W. Cash, E. Wilkinson, J. Green (U. of Colorado), J. Kasdin, D. Spergel, E. Turner, R. Vanderbei (Princeton U.), S. Seager (Carnegie Inst. of Washington), A. Stern (Southwest Research Institute), S. Kilston, J. Leiber (Ball Aerospace)

Direct observation of planets around other stars has been hindered primarily by the spatial proximity of their parent stars. Diffraction and scattering swamp the signal from the planet, which is typically billions of times fainter. We present an approach which has the potential to sidestep these problems.
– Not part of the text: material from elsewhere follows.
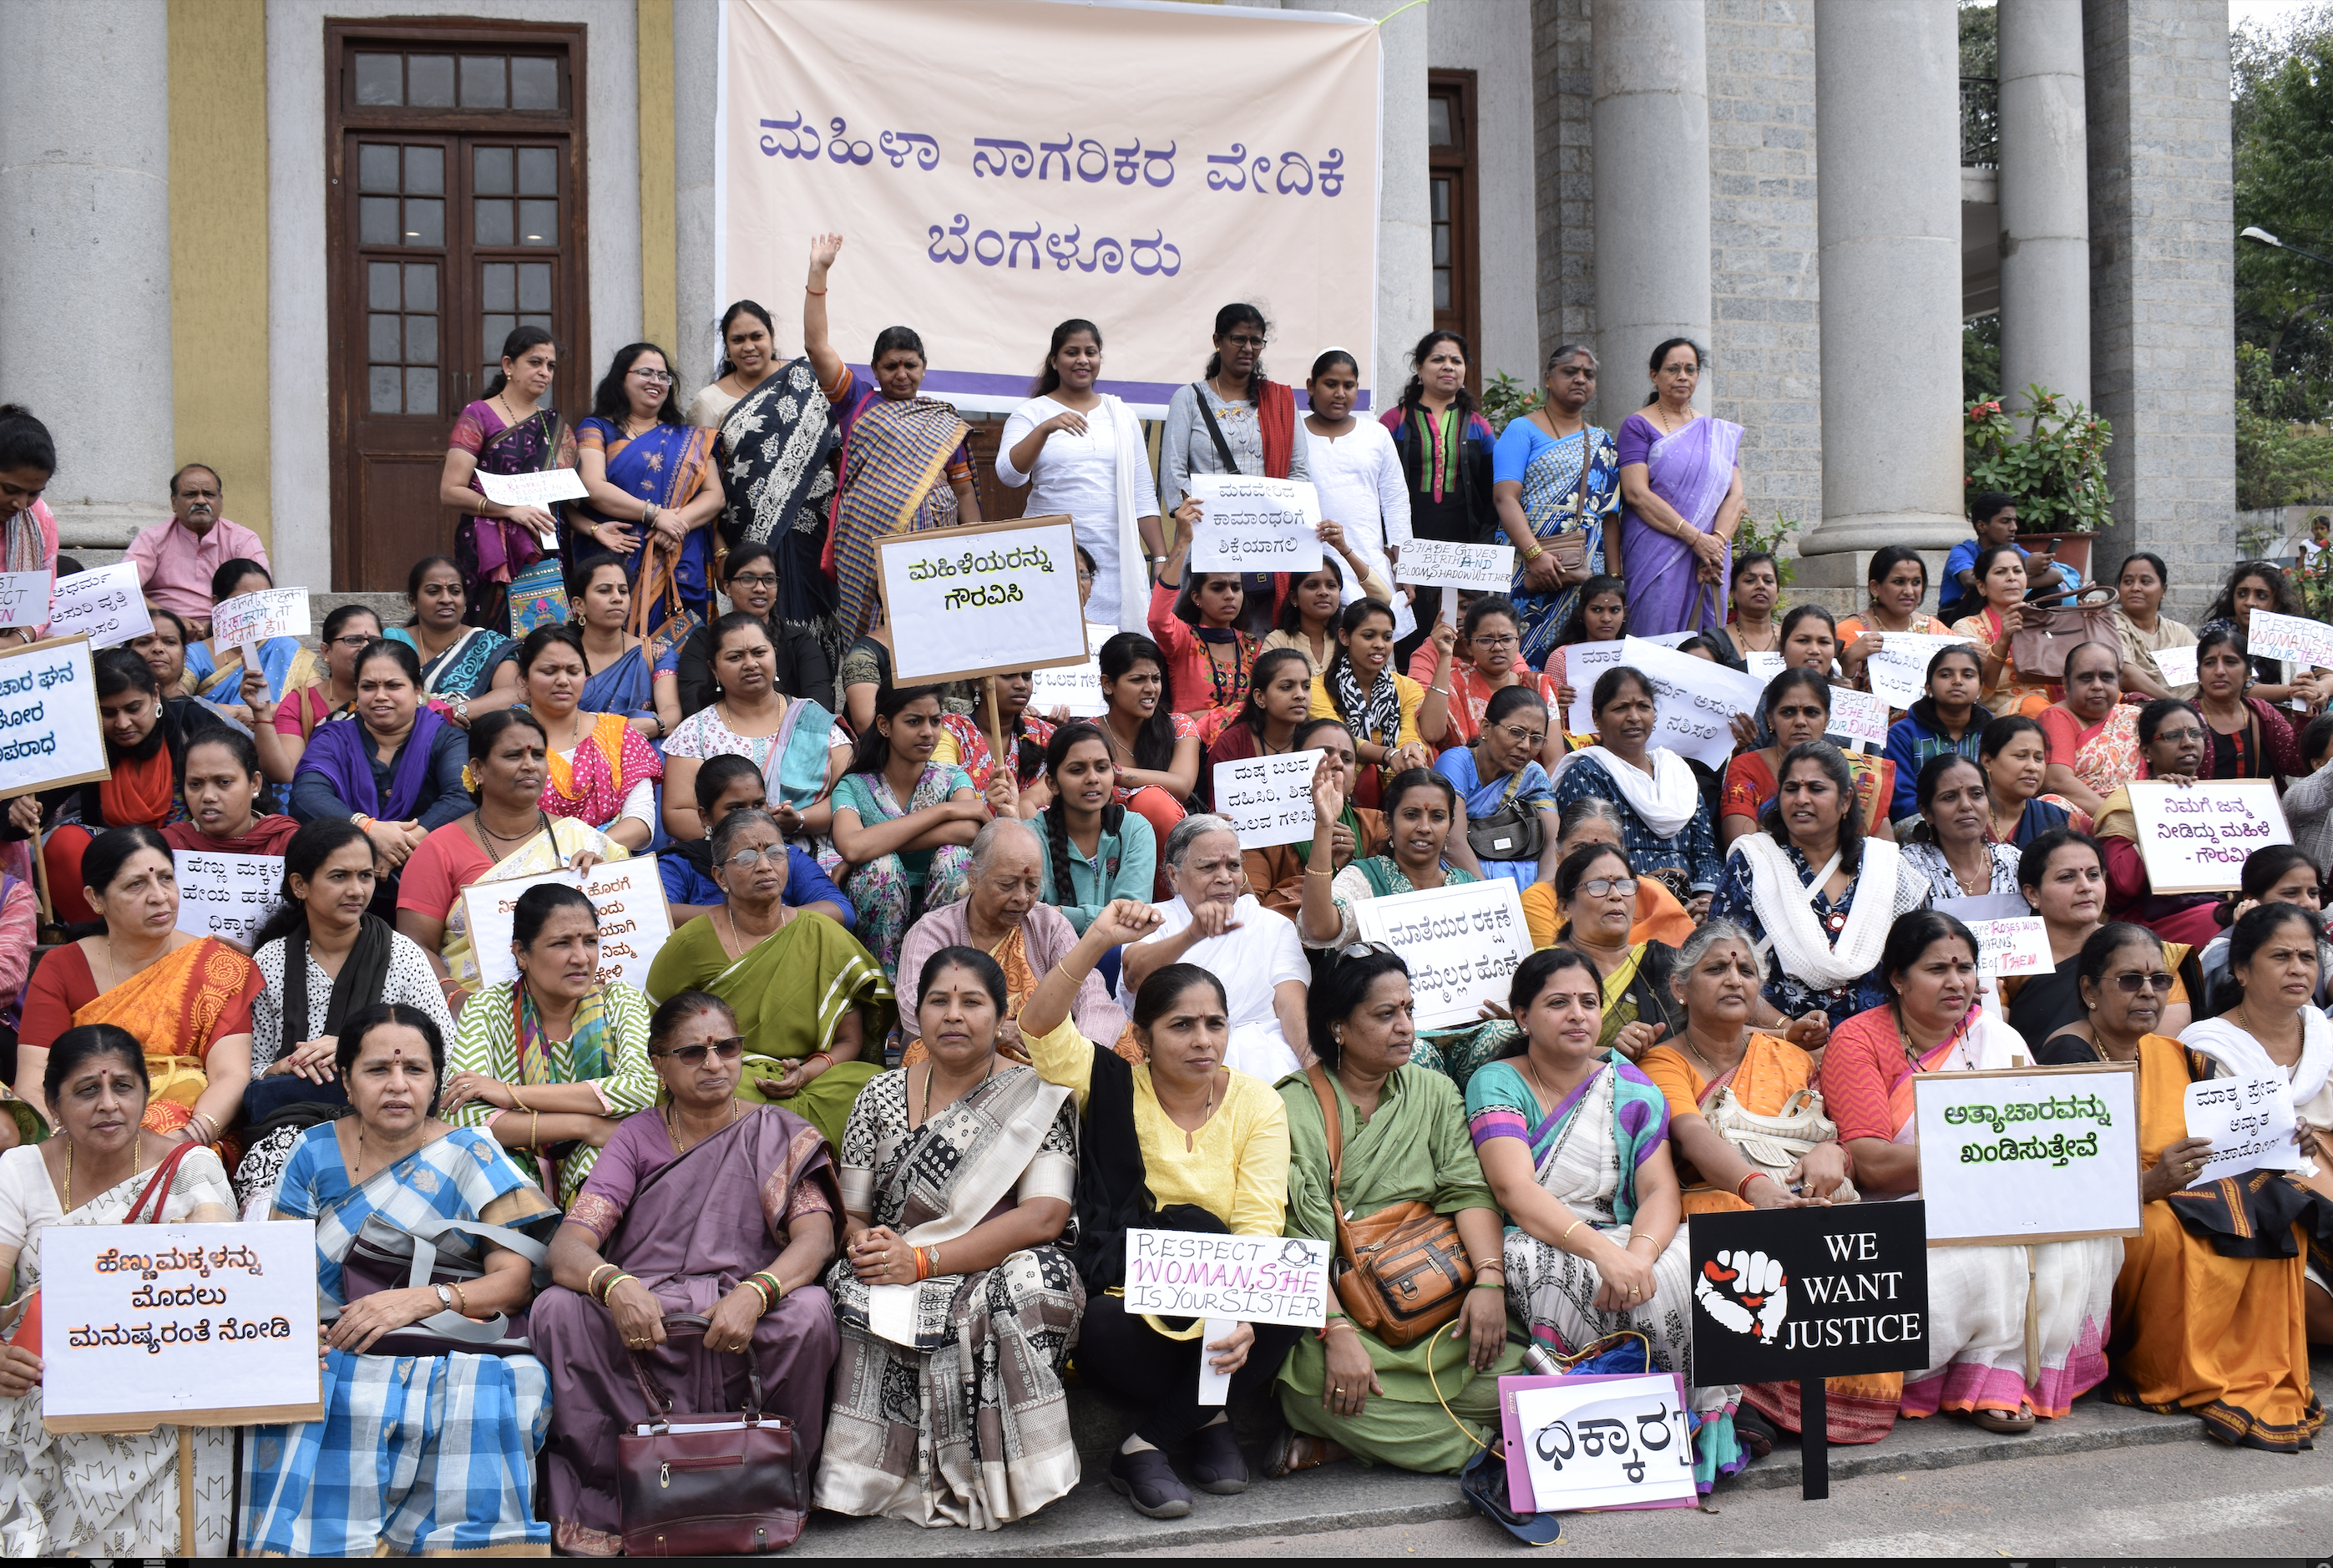 Mahila Nagarikara Vedike, Bengaluru had organised a protest, silent march, human chain from Town Hall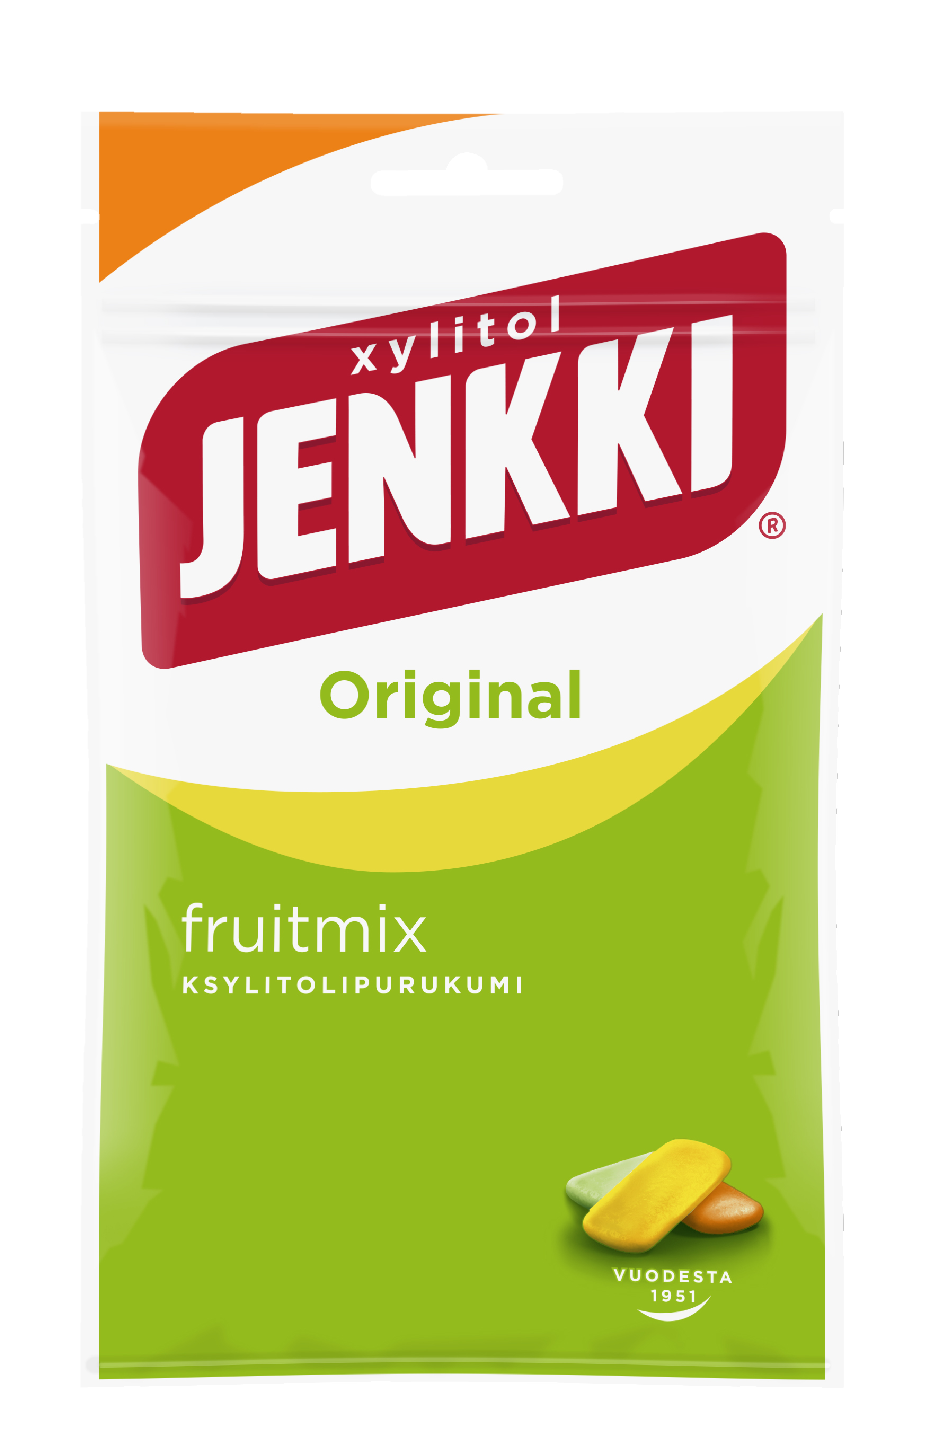 Jenkki Original fruit mix ksylitolipurukumi 100g

The New Worlds Observer was proposed to NASA last summer for a concept study as a Life Finder Mission to perform spectroscopy of terrestrial planets at 10pc. It consists of two spacecraft separated by 180,00km. The first craft, the starshade, features a deployable dark sheet hundreds of meters across and an aperture approximately 10m in diameter, specially shaped to suppress diffraction. At the focal plane of this pinhole camera flies a 10m diameter, one arcsecond quality Cassegrain telescope. If the telescope is placed where the pinhole image of a planet falls, the diffracted light from the star is suppressed, so only planet light enters the telescope. This system will allow sensitive observations anywhere from the far ultraviolet to the near infrared. Accompanying posters at this meeting will present science simulations and more details on the starshade design.